# AIM OF THE EXERCISE
Could you output the listing that follows exactly, without its images?

# AVAILABLE DATA
>>>>>
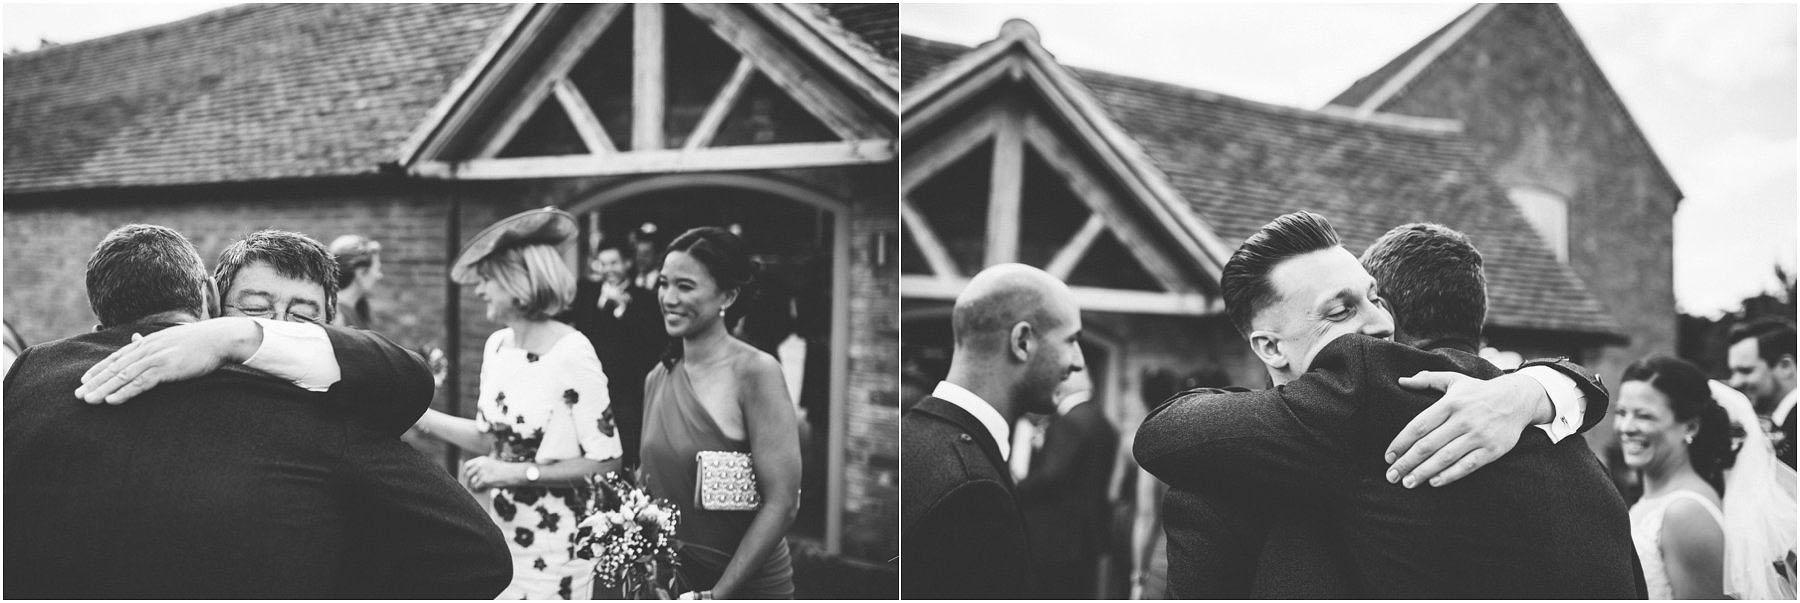 Swallows_Nest_Barn_Wedding_Photography_0100
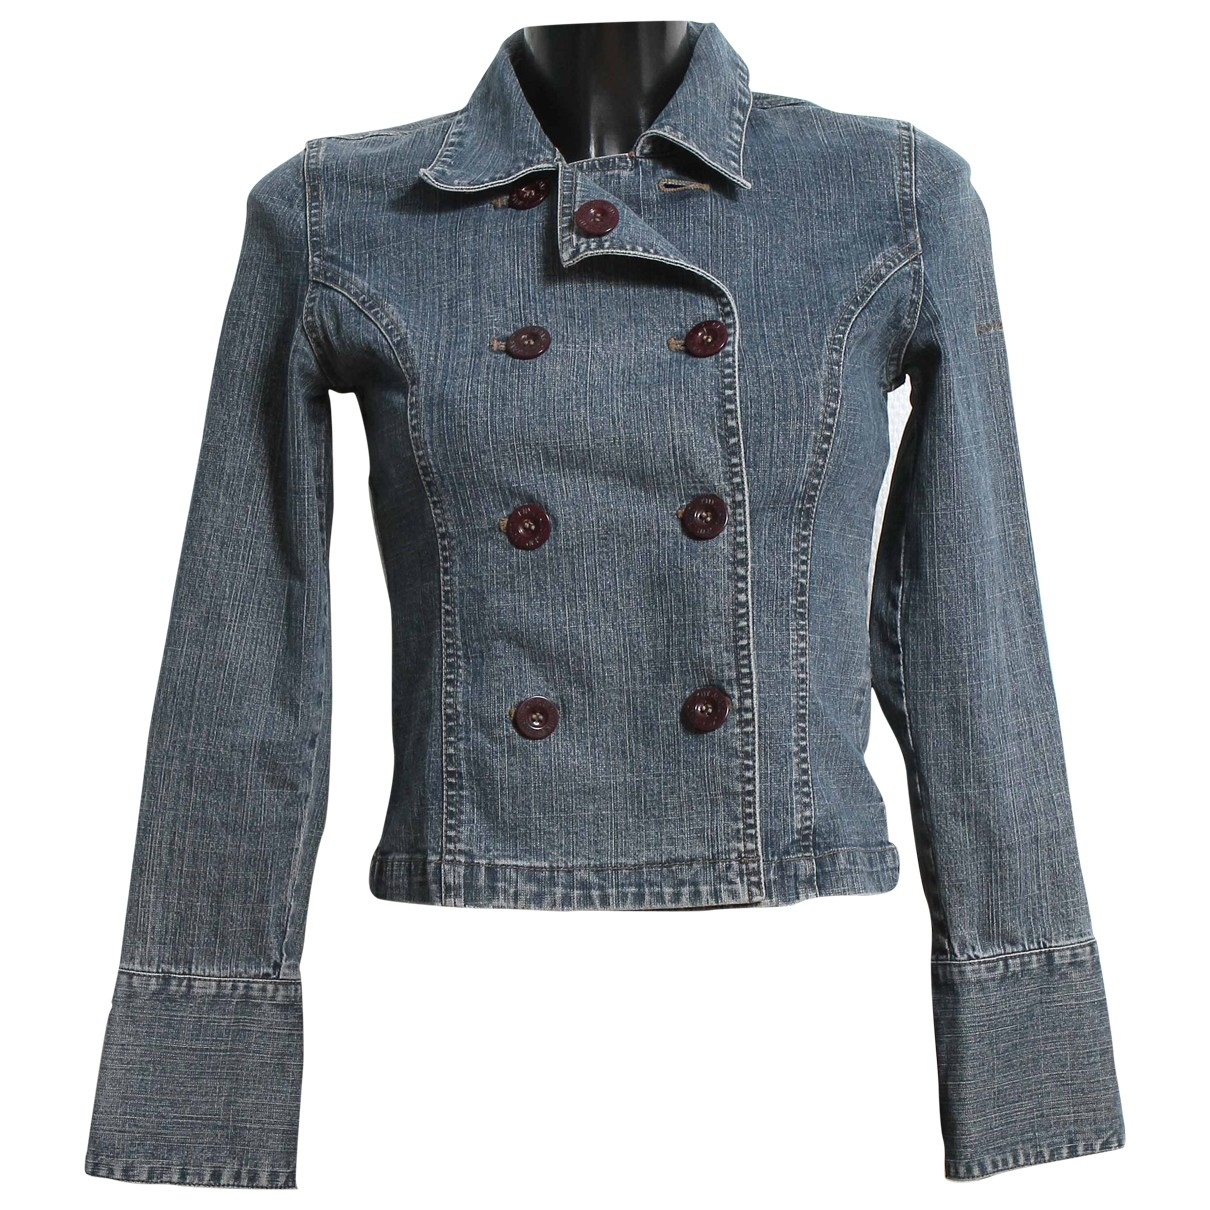 Dkny \N Blue Cotton jacket for Women XS International
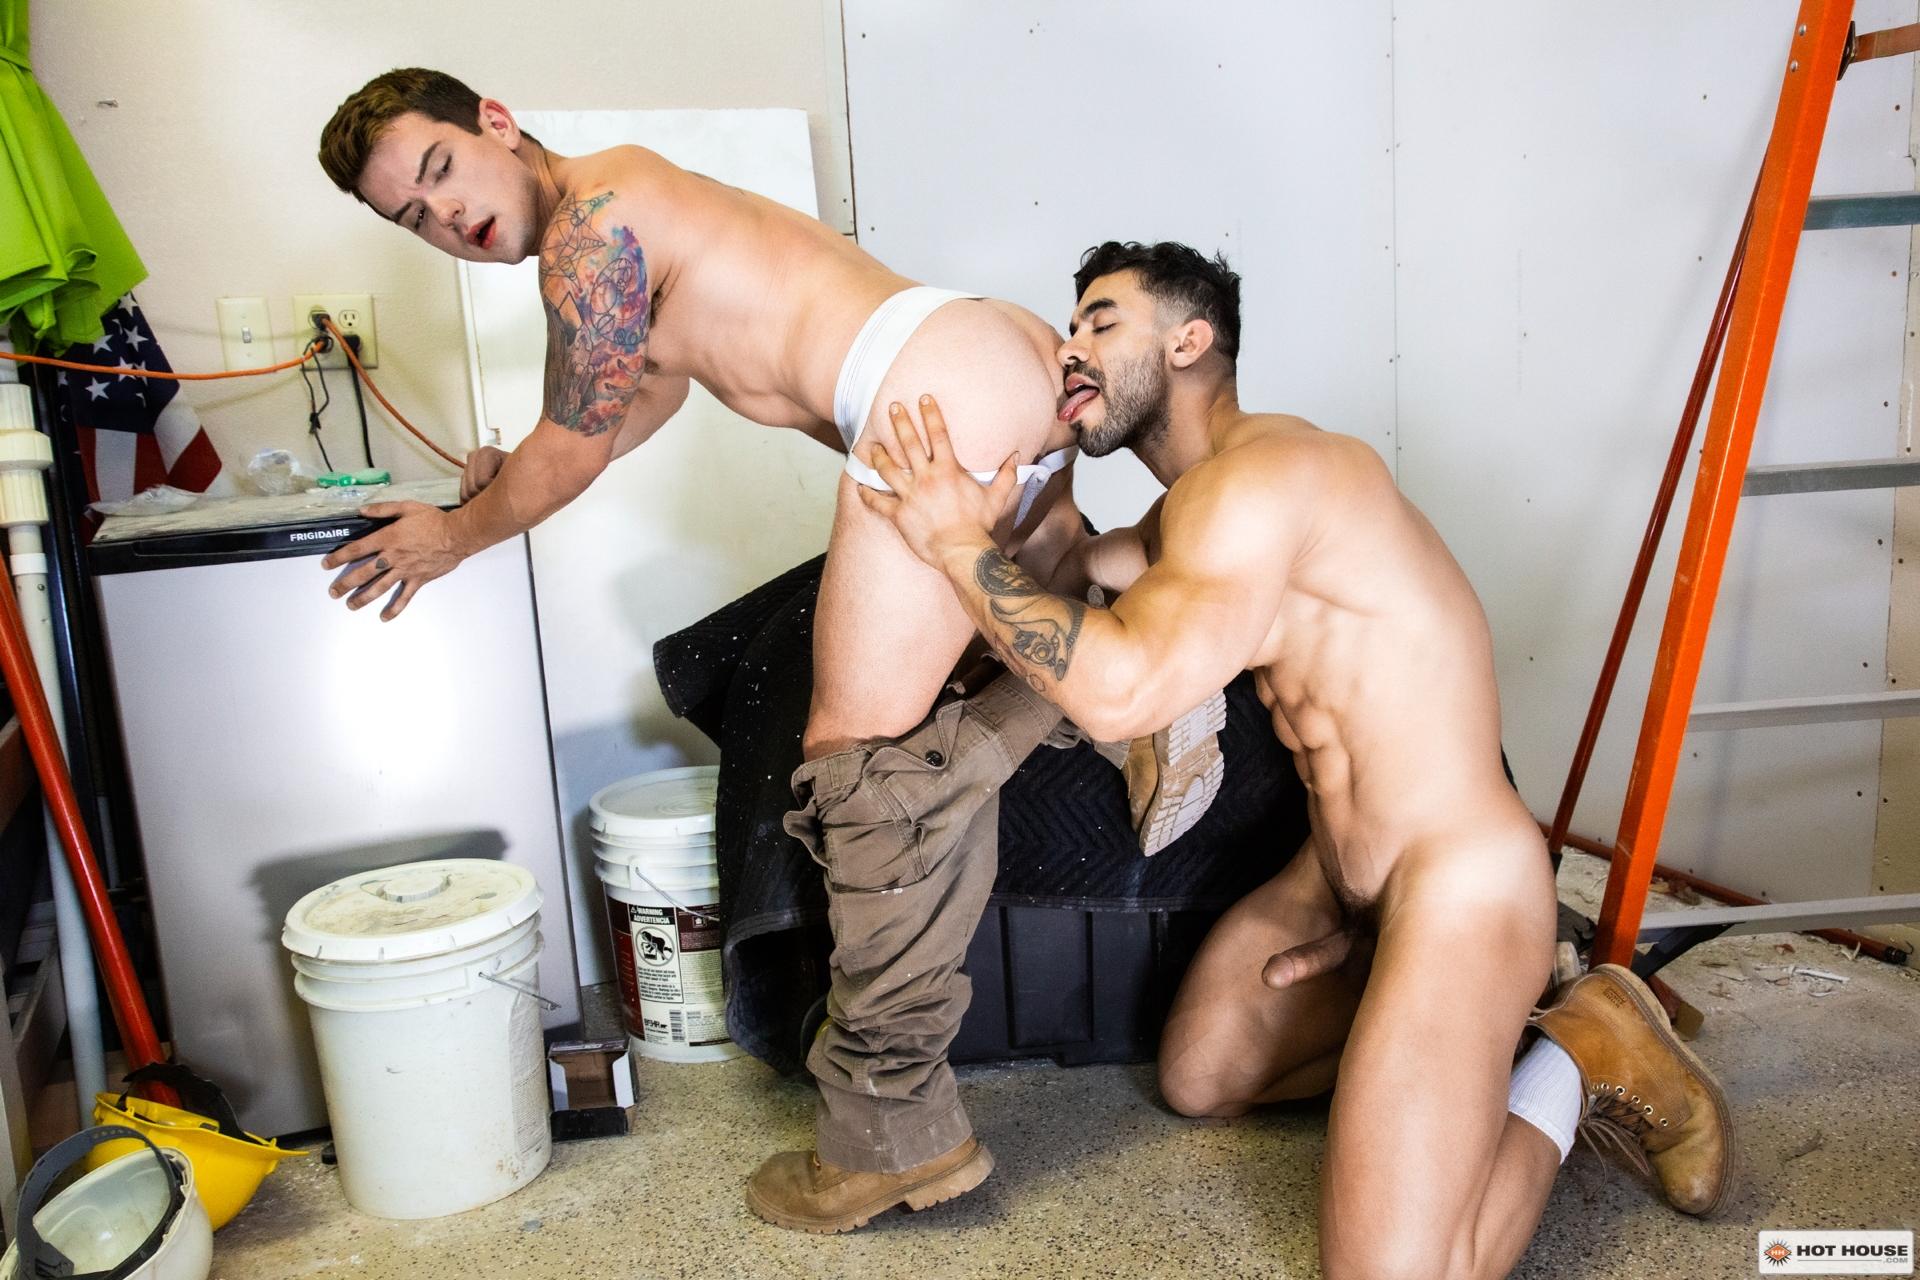 arad winwin fucks dakota payne bareback gay porn
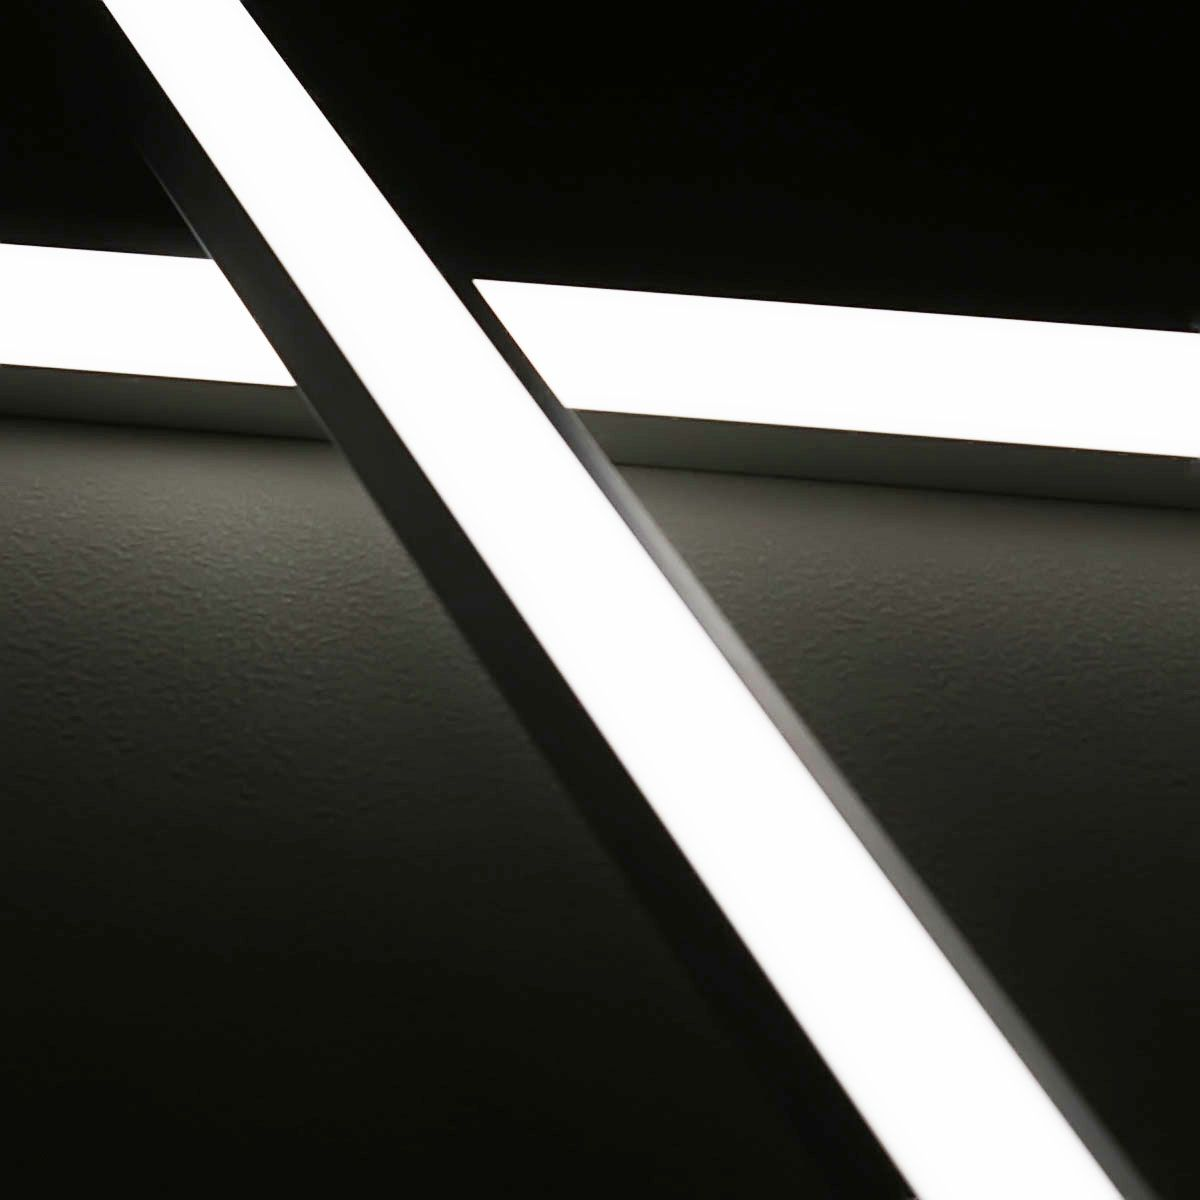 24V Aluminium LED Eckleiste – weiß – diffuse Abdeckung
<<<<<
# EXERCISE RESPONSE
 Swallows_Nest_Barn_Wedding_Photography_0100
 Dkny \N Blue Cotton jacket for Women XS International
 arad winwin fucks dakota payne bareback gay porn
 24V Aluminium LED Eckleiste – weiß – diffuse Abdeckung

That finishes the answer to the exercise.